Generally, only one multi-filament yarn is supplied to the spindle surface. However, it is possible to impart to the textured yarn of the invention a varied function as well as appearance by supplying to the spindle two or more multi-filament yarns with different dyeing characteristics, absorbance, Young's modulus, tenacity, ductility, cross-sectional areas, deniers of mono-filaments, brightness, configuration and appearance. When two or more multi-filament yarns are to be introduced onto a spindle, they may be passed through a single common spreading apparatus. However, in such a case, the total number of filaments tends to exceed a desirable limit and there may also be a tendency for the filaments of the different yarns to interact upon contact to hinder normal separation. Therefore, it is generally desirable to provide a separate spreading apparatus for each multi-filament yarn in order to ensure uniform filament division and in turn to obtain a good regularity in the product. Although there is no restriction on the type of spreading apparatus which is to be used in the method of the invention, an electrical system or a pneumatic system which uses a low-pressure fluid is preferable because of their ability to spread the cintinuously advancing multi-filament yarn into individual filaments without causing disturbance or entanglements of the filaments, a particularly suitable example of such a system being the method and apparatus as disclosed in U.S. Pat.

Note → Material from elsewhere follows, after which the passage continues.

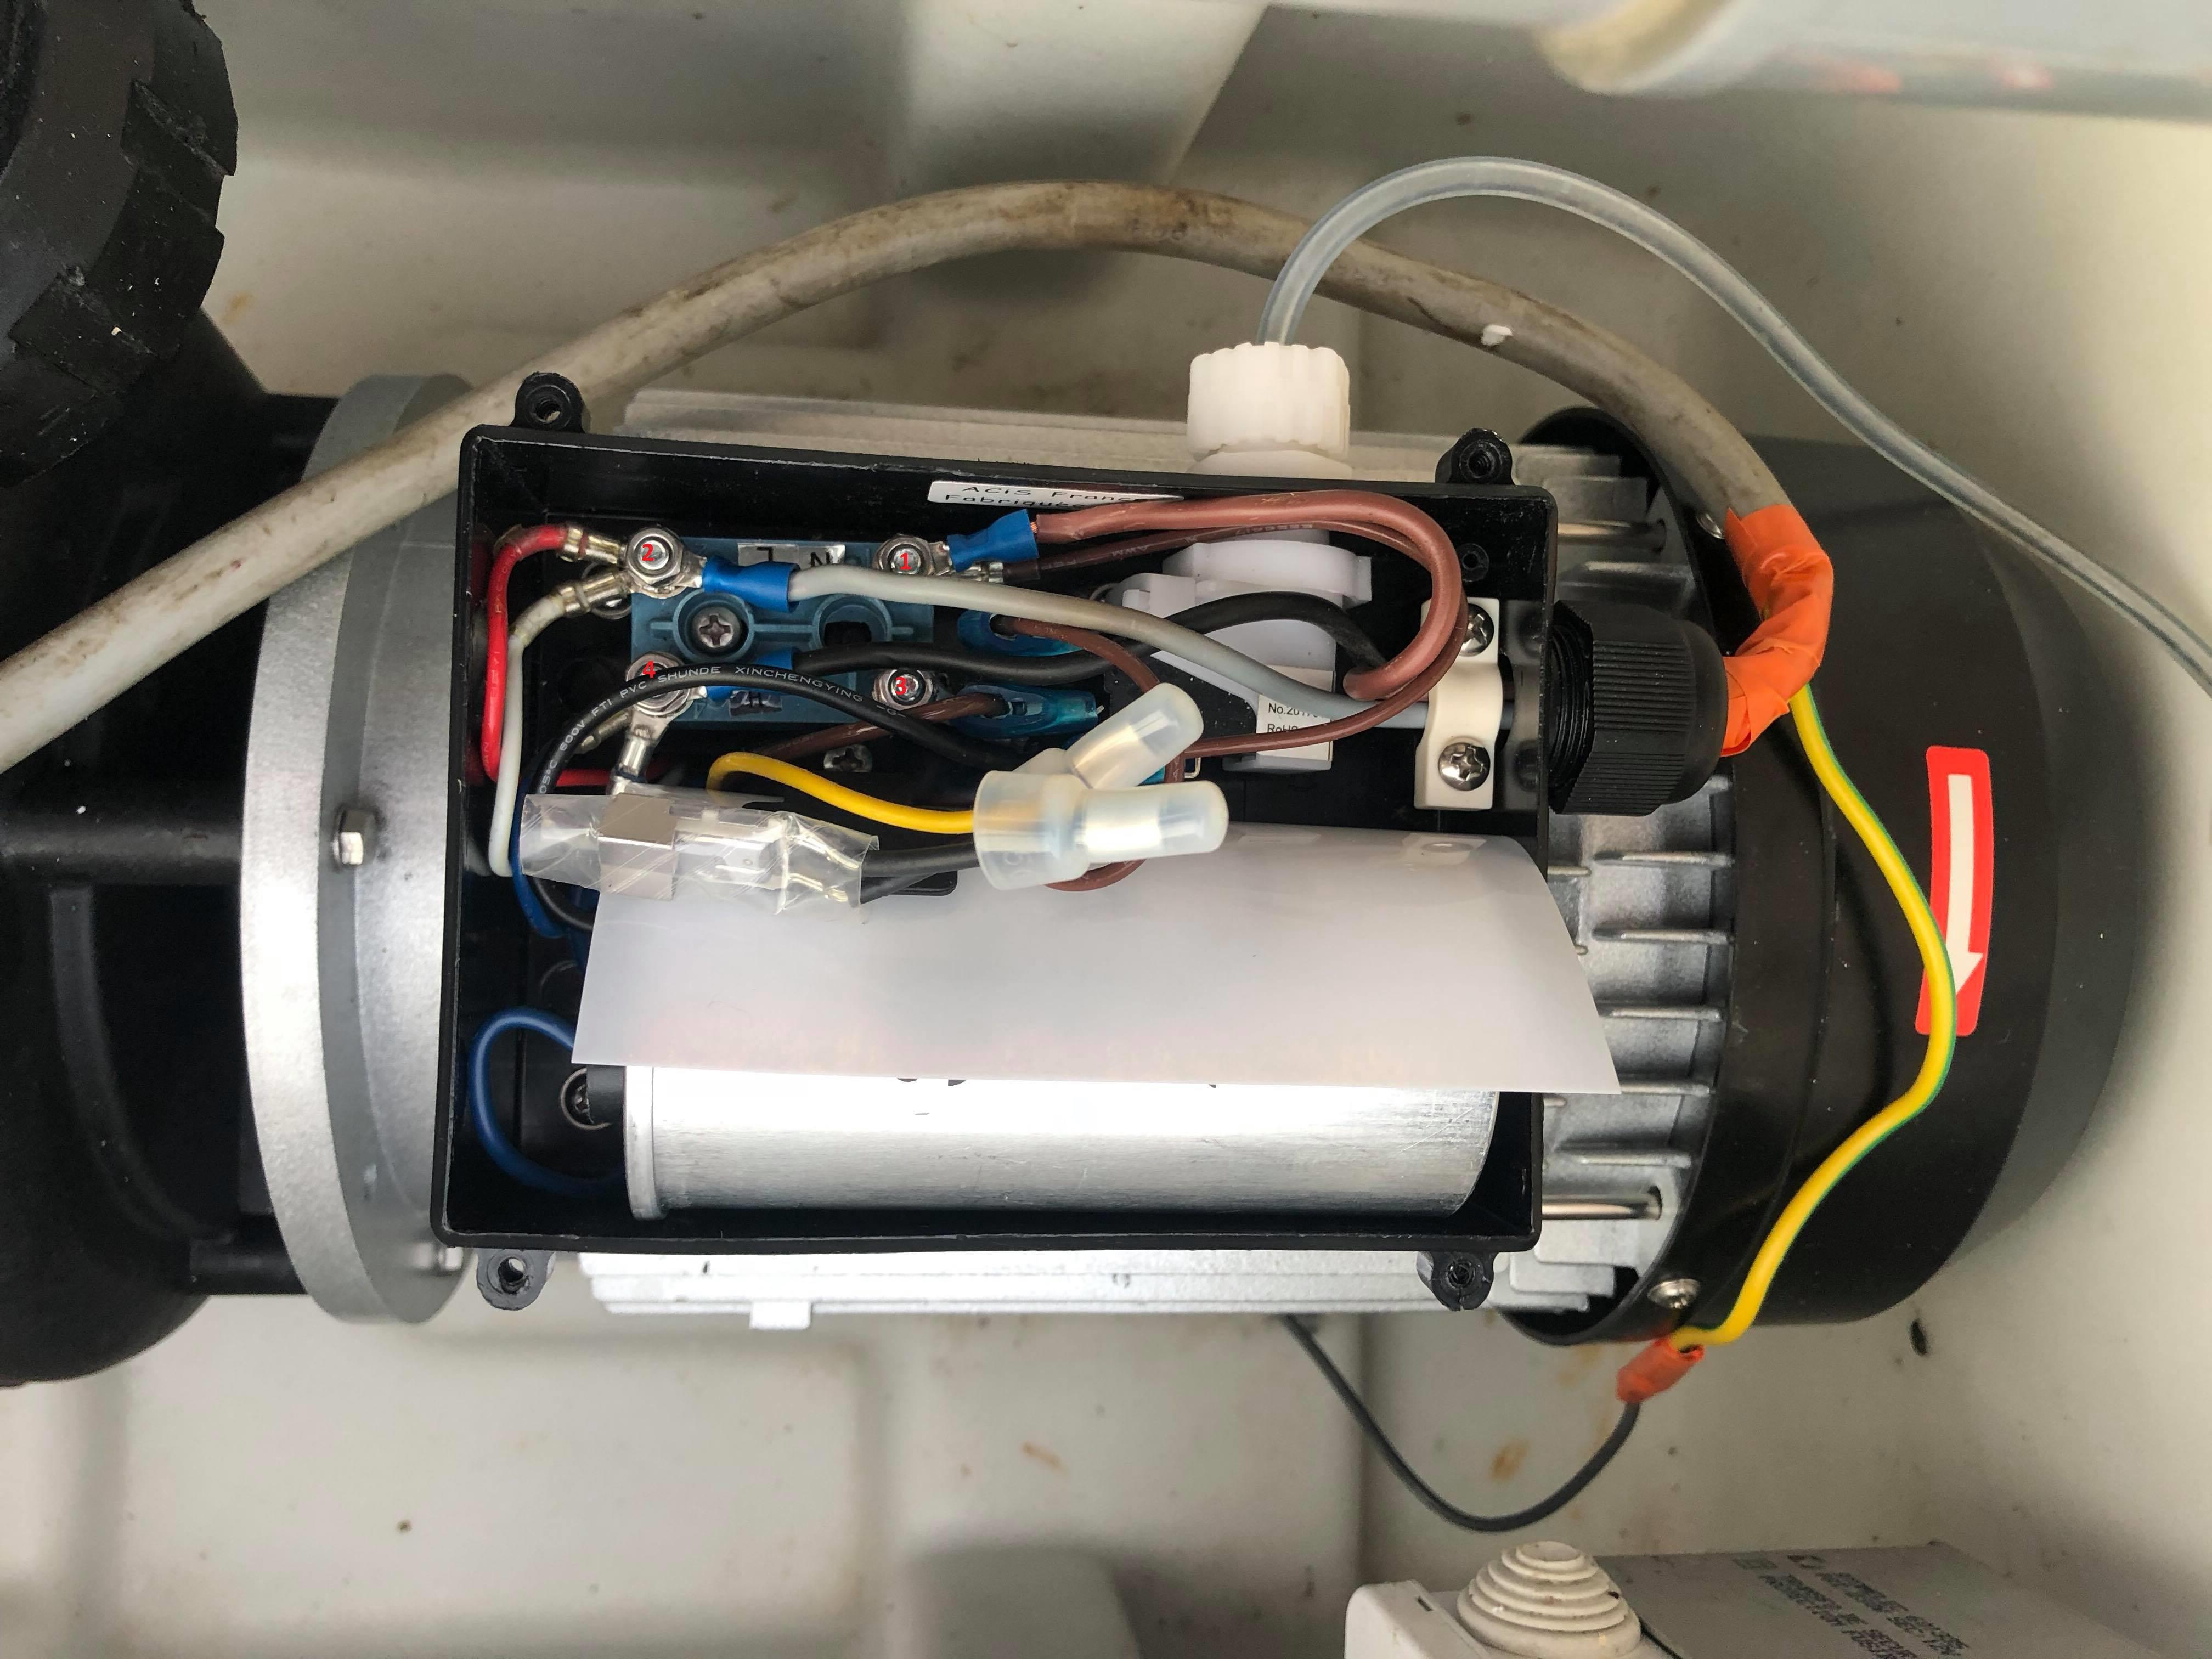 Hot Tub brancher le câblage

No. 3,657,871. A textured yarn of satisfactory quality is obtainable by passing and winding all of the spread-out filaments around the periphery of the spindle, although the spreading procedure is susceptible to a number of variations. In another embodiment of the invention, only part of the spread-out filaments are passed onto the spindle, the remainder being passed to a space just in front of the spindle nose in a manner as if to enwrap a rotating imaginary spindle thereat. By so doing, it is generally possible to further improve the regularity, as well as the uniformity of other qualities of the product and also to boost the efficiency of the process.
When part of the filaments are passed to a space in front of the spindle, such filaments will directly enwrap any yarn which happens to be there, namely, a sleeve being withdrawn in the axially forward direction from the spindle nose or a core thread being supplied to the nose, if there is one. In the absence of such a yarn, the filaments will proceed to the spindle nose to join the sleeve which has been formed on the spindle surface by the remainder of the filaments, and will become a core region of the textured yarn, enveloped in the sleeve which serves as a sheath. For use in this embodiment, the spindle can be not only conical in shape with a tapered surface but also cylindrical in shape with a surface inclination of 0°. A spindle beving a cylindrical shape has an advantage over its conical counterpart in that it is easier to fabricate with high precision.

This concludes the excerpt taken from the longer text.